Blood transfusions in liver recipients : A conundrum or a clear benefit in the cyclosporine/tacrolimus era?

Blood transfusions are common in patients with end-stage liver disease (ESLD), and their effects on sensitization, rejection, and liver graft survival are not well known. These effects were examined in 121 recipients of primary liver grafts, surviving > or = 30 days. Ninety-six (79%) patients received transfusions before transplantation. Transfusion recipients had significantly fewer severe or recurrent rejection episodes (18%), compared with patients who did not receive transfusions (42%, P=0.006), if the first transfusion was > or = 90 days before the transplant. Patients with alcoholic ESLD (n=49) had significantly fewer severe rejection episodes when compared with the nonalcoholic (n=72) patients (12% vs. 35%, P=0.004). The transfusion benefit was, however, more apparent and significant in the nonalcoholic (26% vs. 56% in nontransfused, P=0.02) than among the alcoholic recipients (6% vs. 25%, P=0.1).
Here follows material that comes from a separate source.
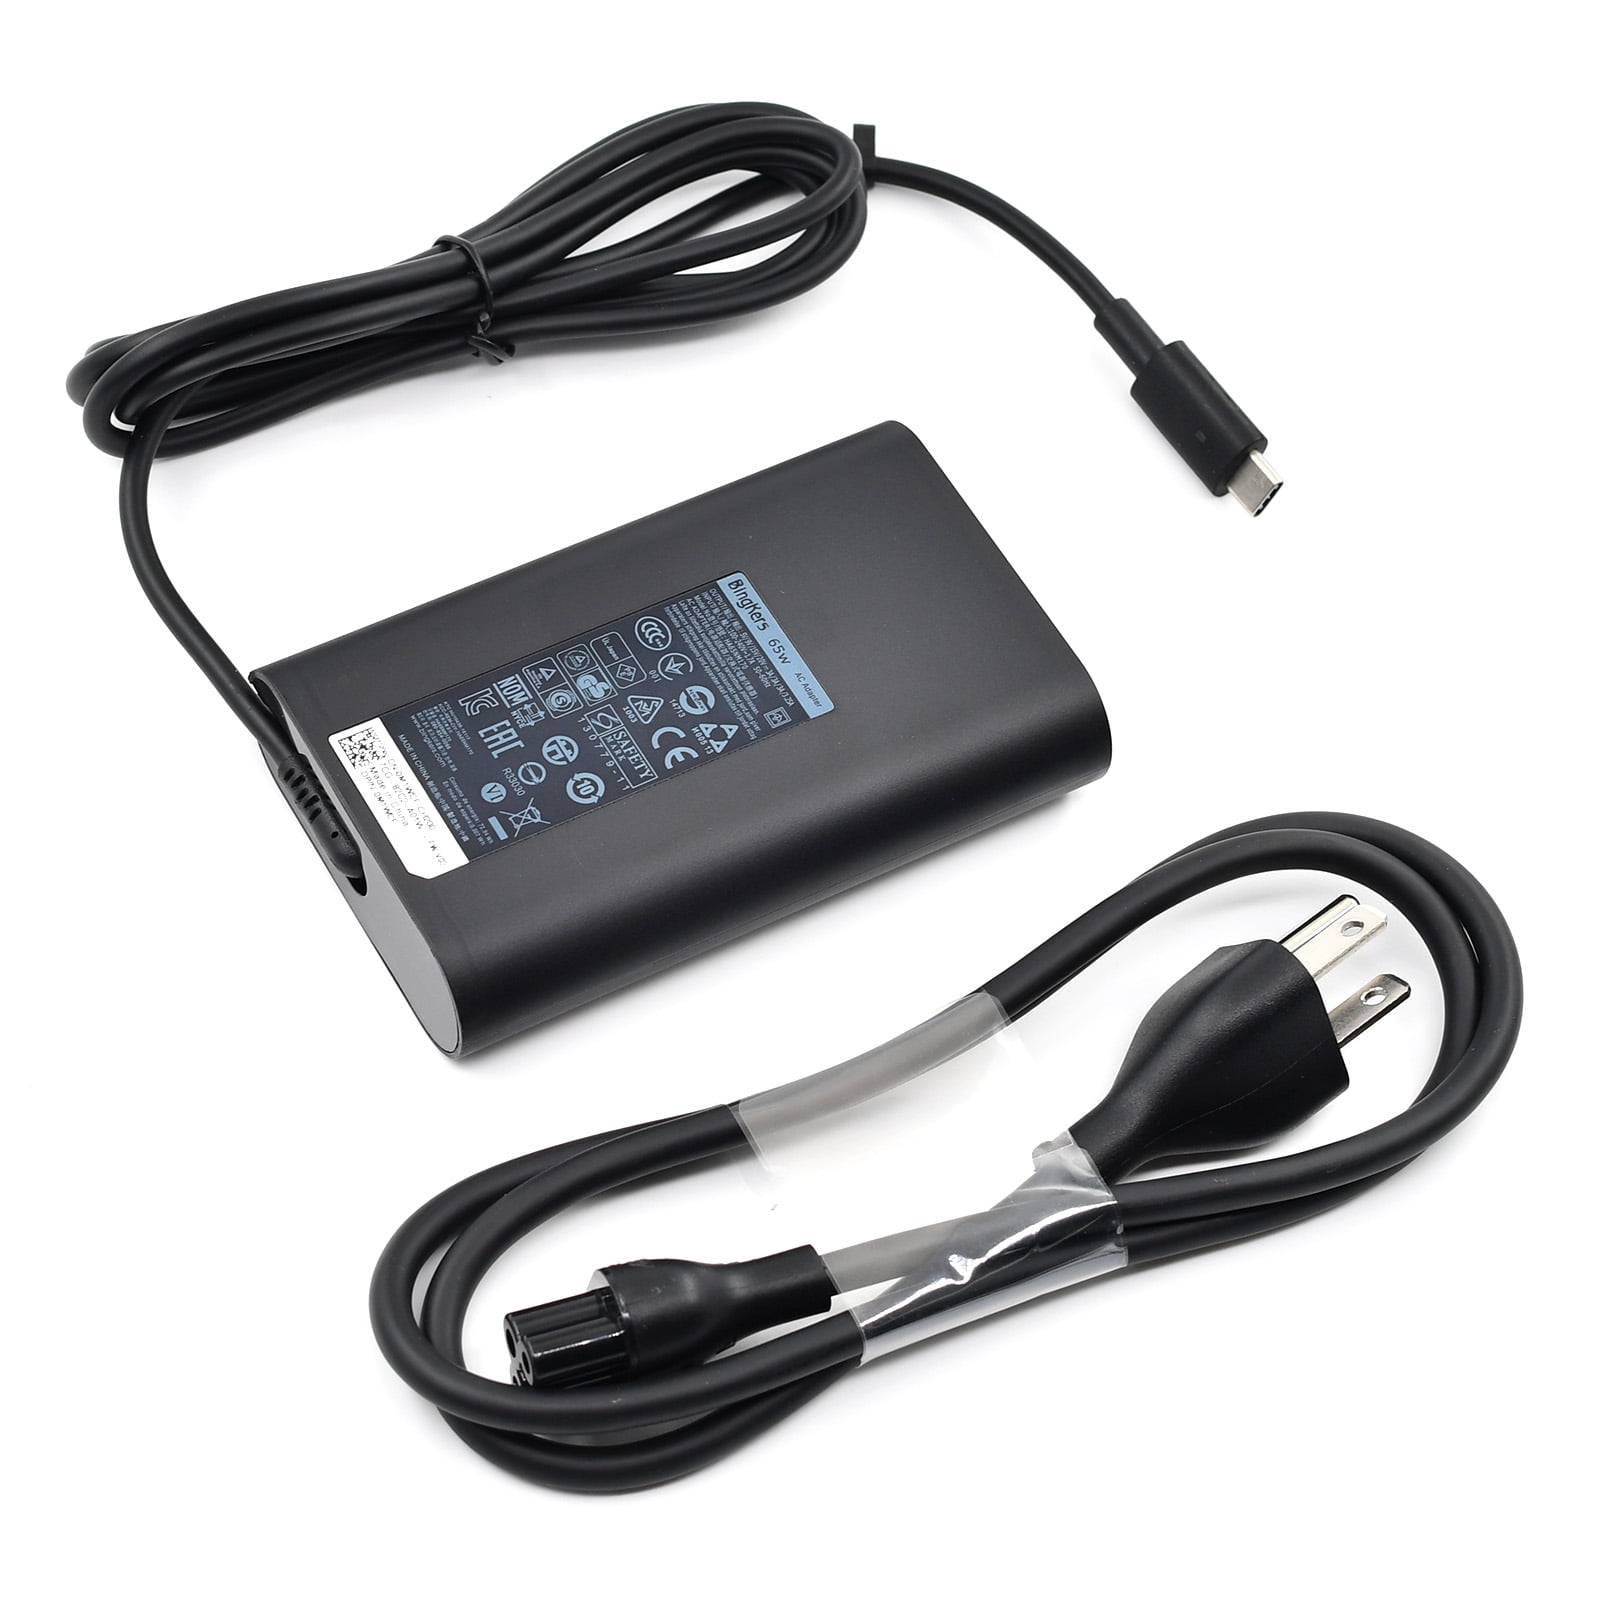 65W USB C Charger PA-1450-66D1 for Dell Latitude 12 5285 5289 5290 7212  7275 7285 7290, 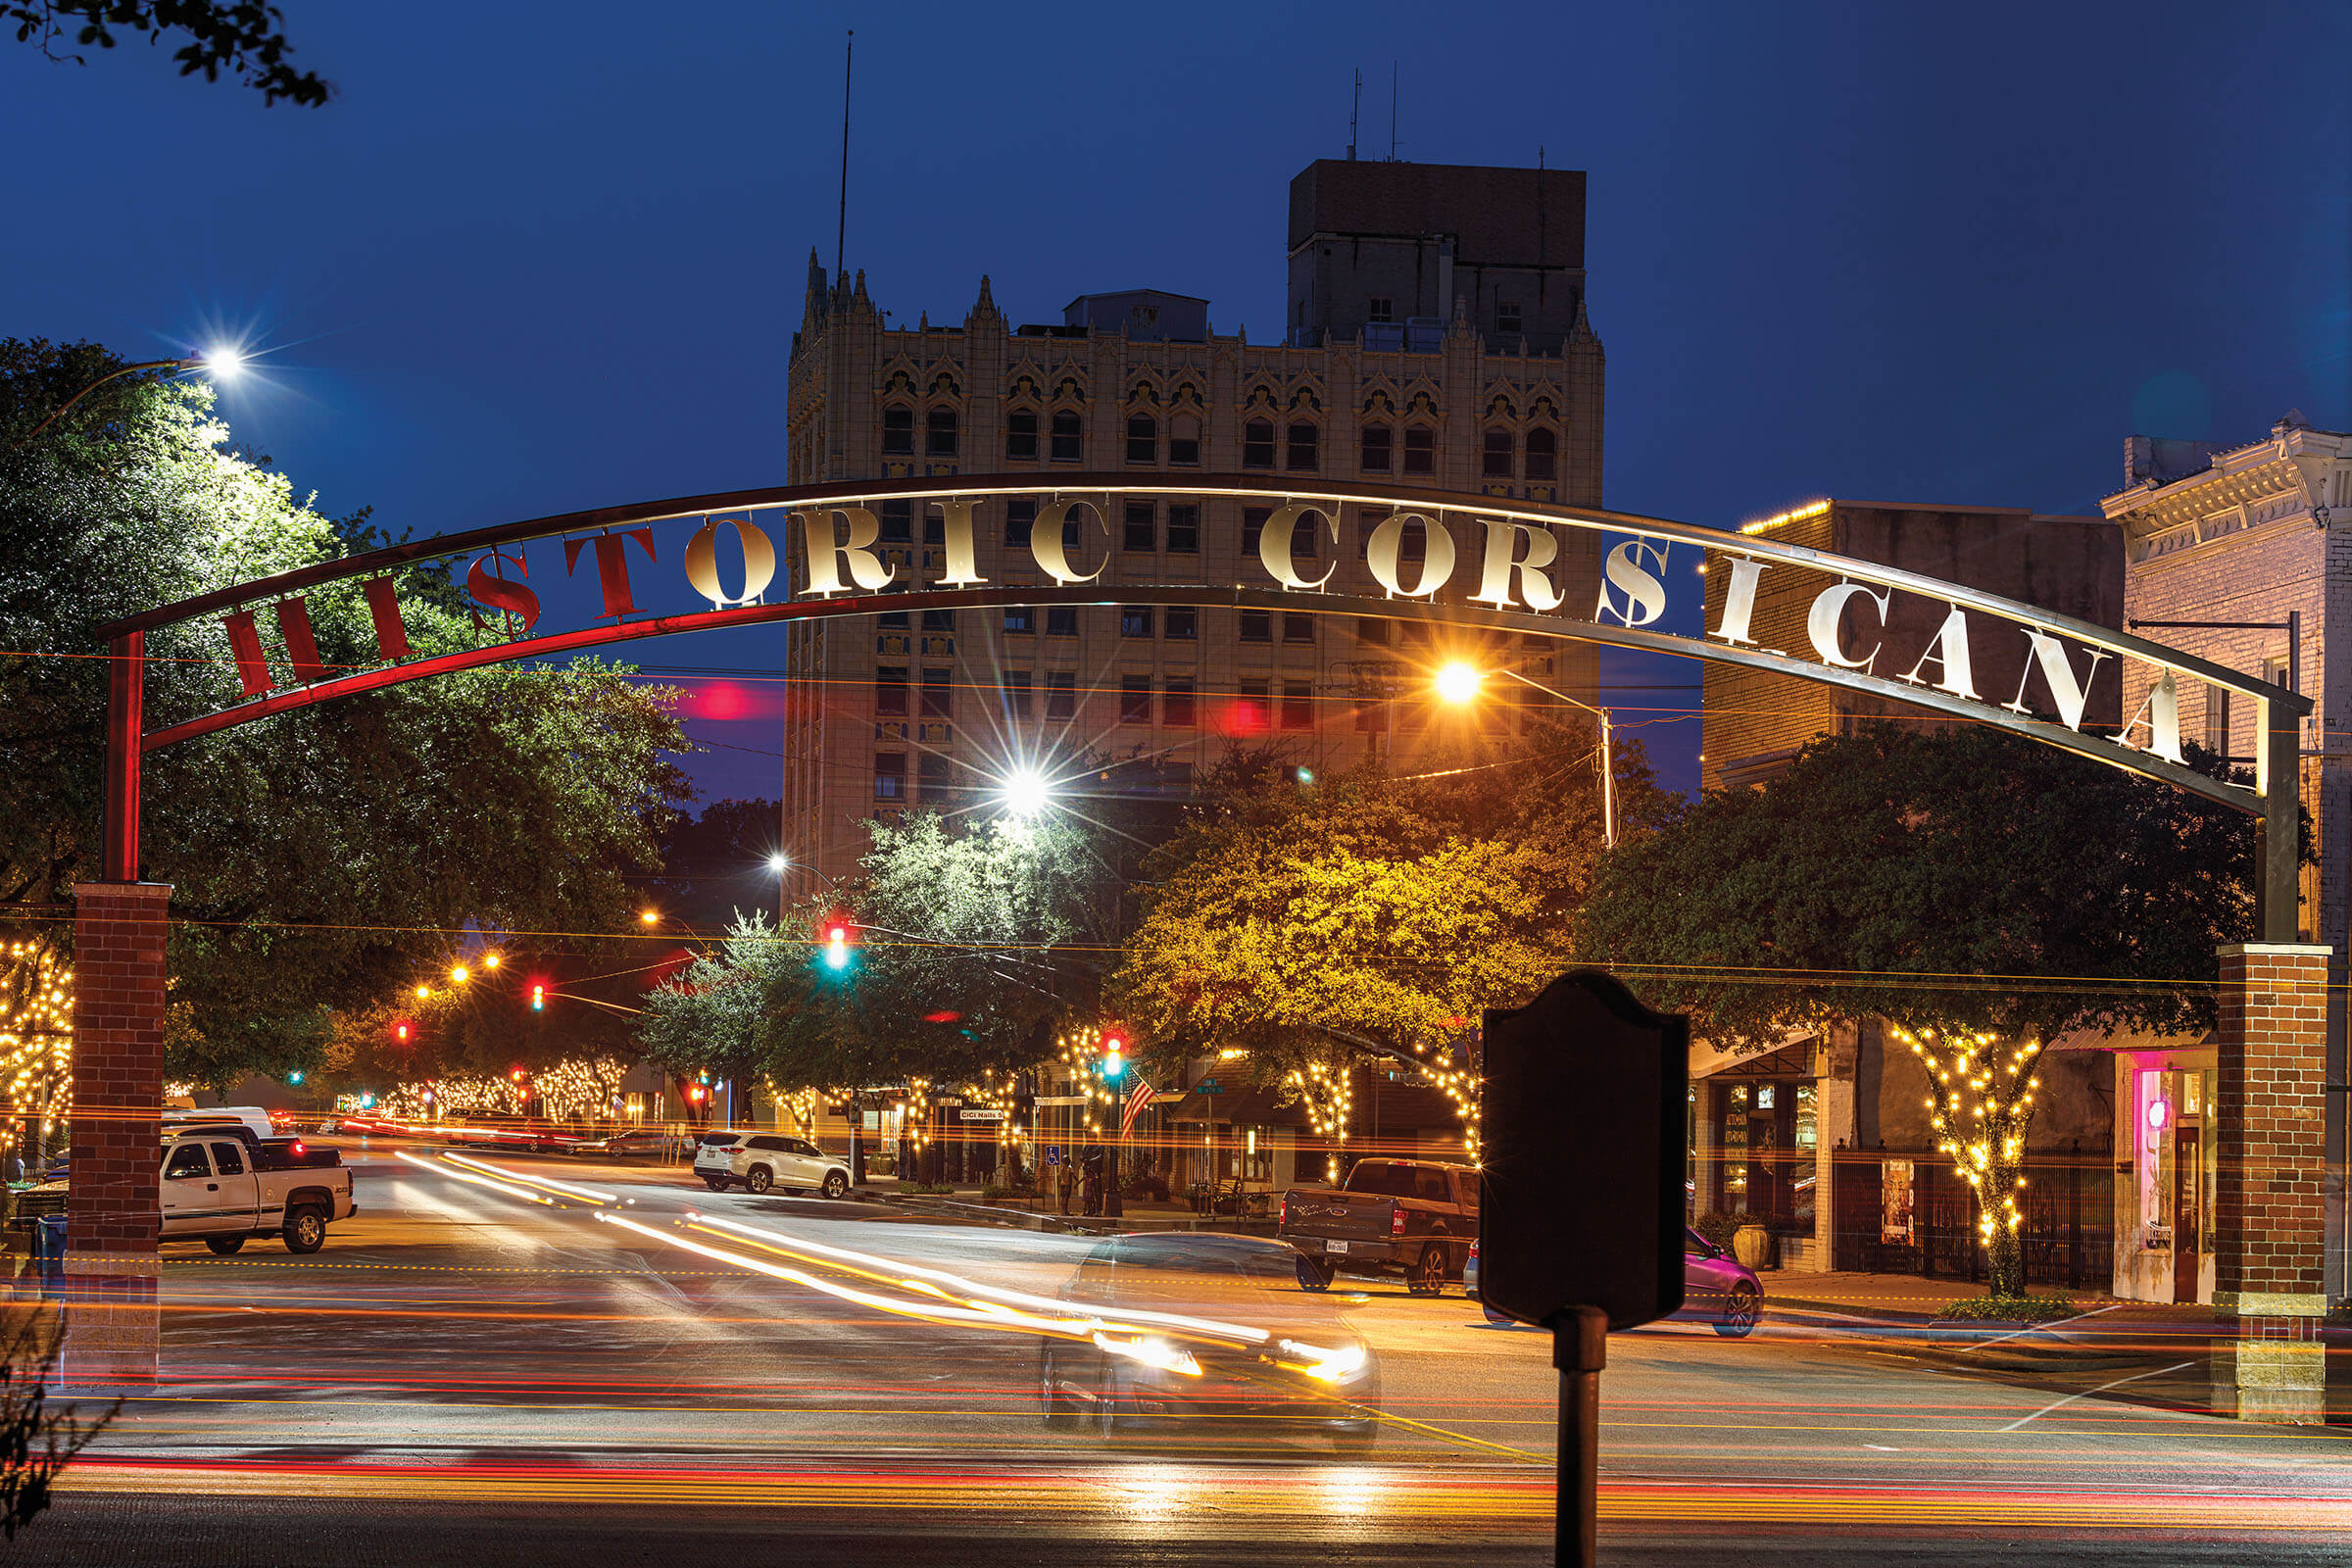 A nighttime view of an iron arch reading "Historic Corsicana" with the glow of car headlights and taillights

This finding is, most likely, due to a combination of a higher rate of severe rejection and the statistical power of the larger number of recipients in the nonalcoholic group. This finding is further corroborated by a multivariate analysis in which blood transfusions retained their benefit (P<0.05) independent of recipients age and diagnosis. Graft and patient survival were not significantly different in the transfused versus nontransfused groups. Transfusion recipients had a higher panel antibody (11.4+/-23.4 vs. 2.7+/-8.1, P<0.02) but no increased risk of a positive crossmatch. In liver recipients, blood transfusions diminish the risk of rejection independent of recipients age and the cause of ESLD.